40 Ironically, most educational institutions engage in marketing whether they realize it or not.
Consider a typical private college. The college has an admissions office whose staff visits high
schools and seeks to attract the best students. The college's development office assiduously
cultivates wealthy alumni in a search for the large gift. The college's public relations people
busy themselves with editors and community organizations to disseminate favorable news and
impressions about the college. The dean of students directs academic and personal counseling
programs and runs extracurricular activities to increase students’ satisfaction with the college.
The alumni office maintains contacts with graduates and provides activities and information to
enlist their support. These and other administrators, faculty, and staff have the responsibility of
sensing, serving, and satisfying different markets, although if asked, they may deny that they
are engaged in marketing.
41 Marketing should not be needed. Even when administrators of educational institutions
accept the usefulness of marketing, they may believe that marketing is unnecessary.

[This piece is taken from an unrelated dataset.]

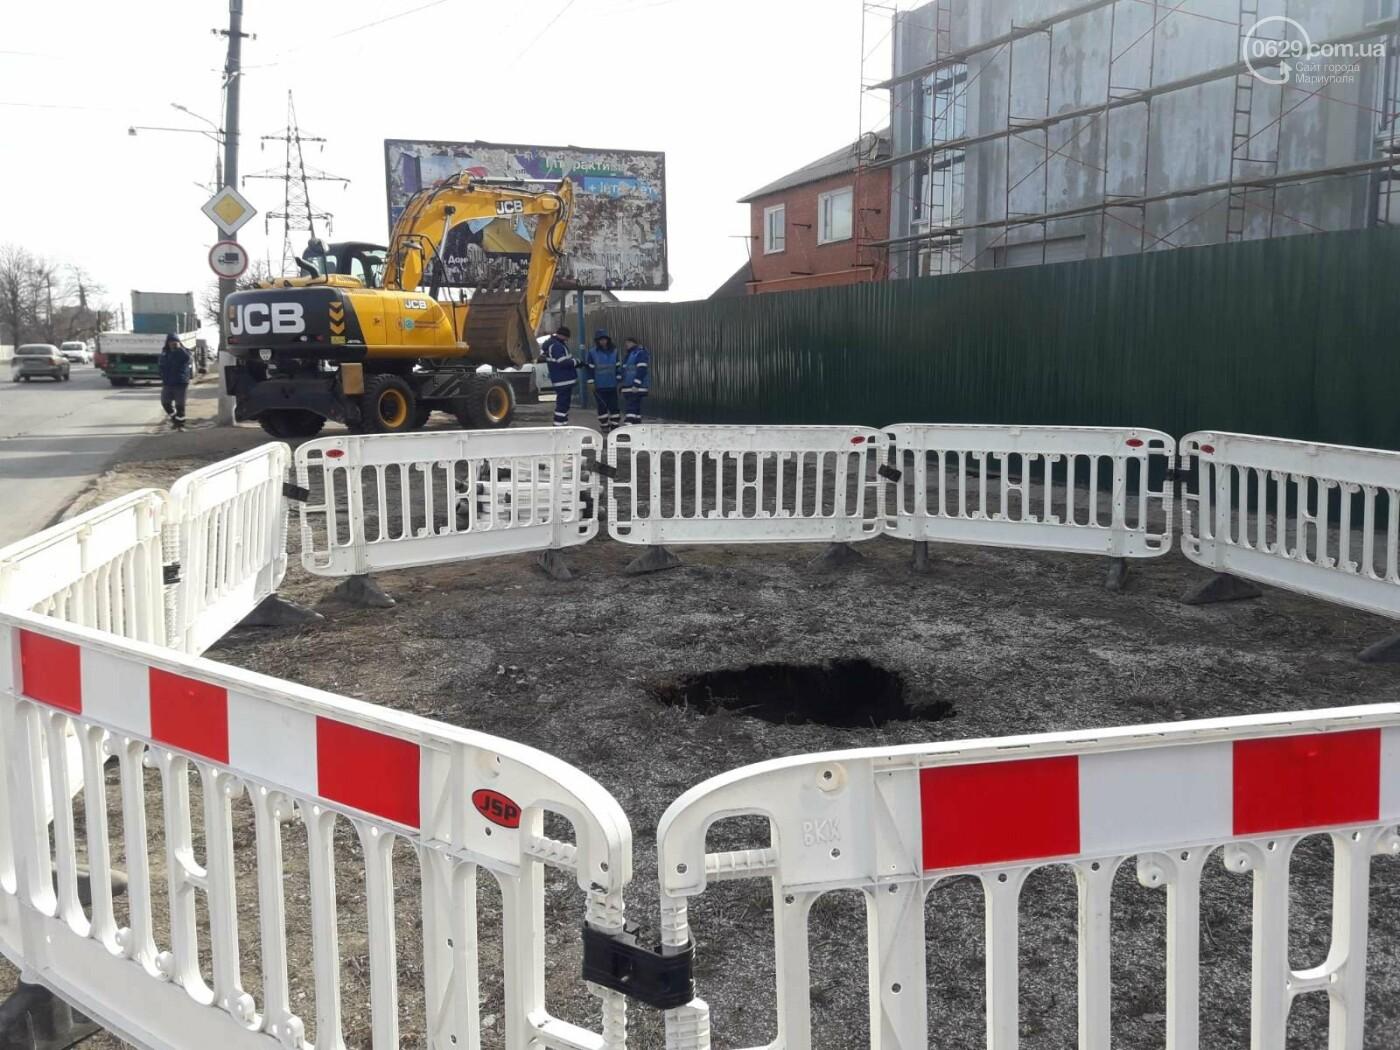 Регулярно раз в год. В Мариуполе на Митрополитской снова масштабная авария на канализационном коллекторе, фото-7
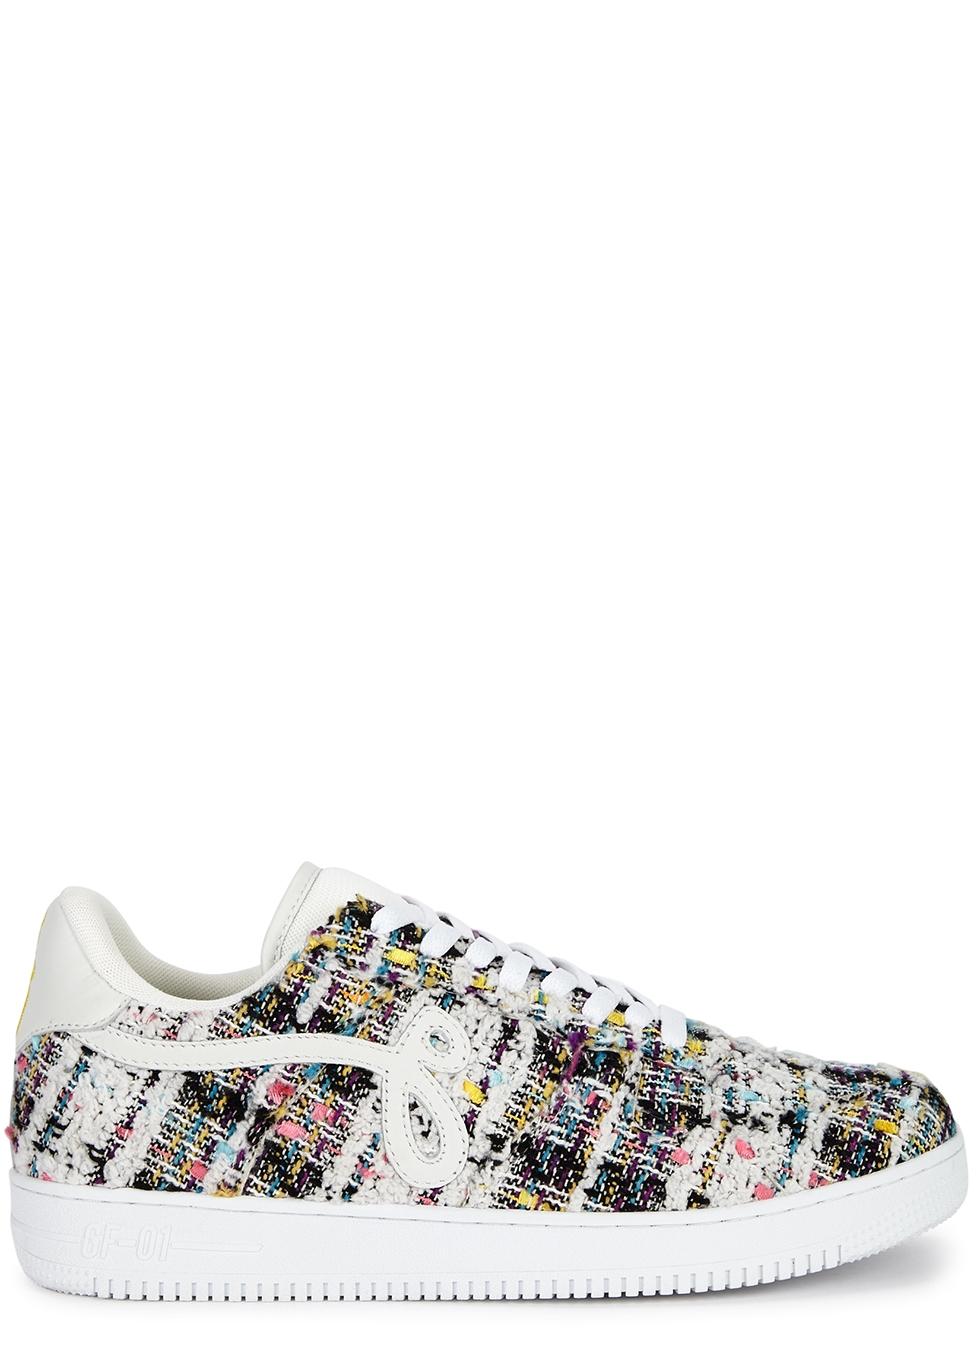 Bouclé tweed sneakers

Administrators, board members, and others often feel that people should want the educational
experiences and services the school has to offer. After all, they reason, people "know what is
good for them," and education is good for people.
42 Administrators of publicly supported schools are shocked when legislatures cut their
budgets and voters turn down school bond issues. They may wonder why parents are pulling
their children out of public schools and willingly paying to send them to private schools.
Private-school administrators may wonder why alumni aren't more active in school affairs and
why donations have dropped off.
43 An institution that understands its markets realizes that people's attitudes and preferences
change. Rather than presuming that it will always hold the pride of place once afforded to it,
the institution carries out marketing research in order to continue to satisfy its markets.